This repository accompanies our paper Differences between human and machine perception in medical diagnosis. In the paper, we propose a framework for comparing human and machine perception in medical diagnosis, and demonstrate it with a case study in breast cancer screening. This repository contains the data and code necessary to reproduce the results from our case study. There are three components:

  1. probabilistic_inference.py: We collected predictions from radiologists and DNNs on screening mammograms perturbed with Gaussian low-pass filtering (Figure 1a--b). The predictions are provided in data/observed_predictions, see below for details. We apply probabilistic modeling to these predictions in order to isolate the effect that low-pass filtering has on their predictions (Figure 1d).
  2. perturbation_study_analysis.py: We sample from the probabilistic model and compare radiologists and DNNs with respect to predictive confidence and class separability (Figure 1e--f).
  3. annotation_study_analysis.py: Radiologists annotated regions of interest (ROIs) indicating the most suspicious regions of images (Figure 1g). We then collected predictions from DNNs where we separately applied low-pass filtering to the ROI interior (Figure 1h), ROI exterior (Figure 1i), and to the entire image (Figure 1j). These predictions are provided in data/observed_predictions, see below for details. We then examine how these low-pass filtering schemes affect the DNNs' class separability.
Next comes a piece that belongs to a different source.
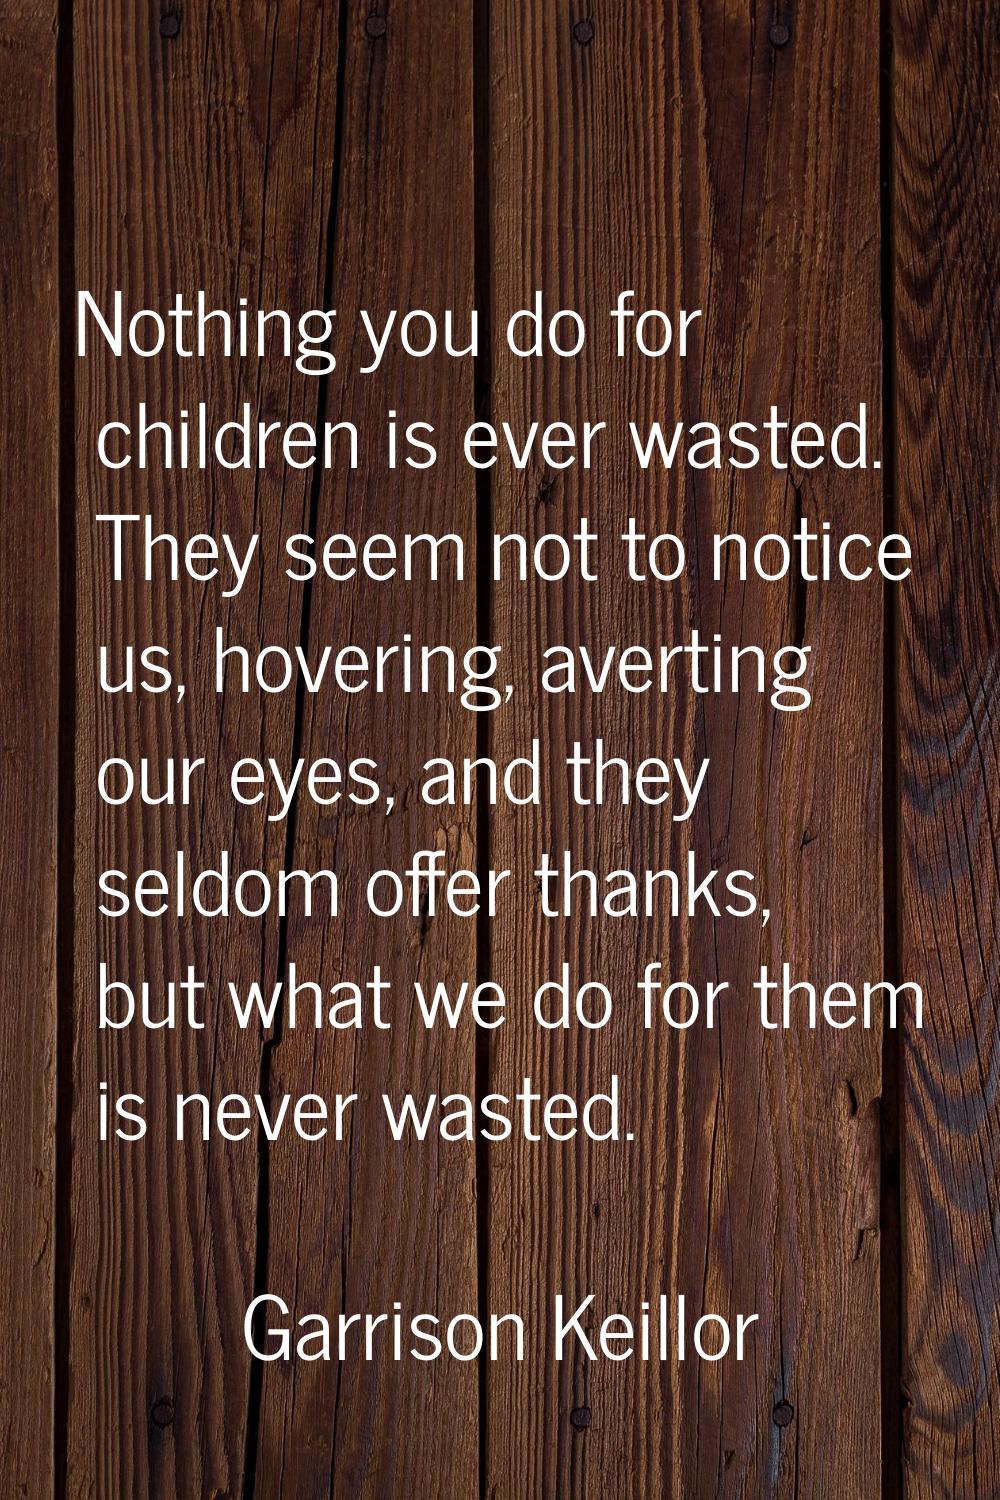 Nothing you do for children is ever wasted. They seem not to notice us, hovering, averting our eyes

Additionally, we include our implementation of Gaussian low-pass filtering in fourier_filter.py.

Setup

Add the directory path of this repository to PYTHONPATH, and install the following:

  • Python 3.*
  • Gin-config
  • Imageio
  • Matplotlib
  • NumPy
  • Pandas
  • PyStan
  • SciPy

PyStan requires a C++14 compatible compiler. If gcc-related errors are encountered, see the detailed installation instructions in https://pystan.readthedocs.io/en/latest/installation_beginner.html. These errors can likely be resolved with:

  • Linux: conda install gcc_linux-64 gxx_linux-64 -c anaconda
  • Mac: conda install clang_osx-64 clangxx_osx-64 -c anaconda

We recommend using anaconda to install everything except Gin-config and PyStan, which can be installed with pip. The expected install time on a standard desktop computer is approximately five minutes. This code has been tested on Ubuntu 16.04 and macOS Mojave 10.14.6.

Data

The radiologist and DNN predictions from our two reader studies are stored as NumPy arrays, and are located in data/observed_predictions. For DNNs, we include predictions for two architectures: GMIC and DMV.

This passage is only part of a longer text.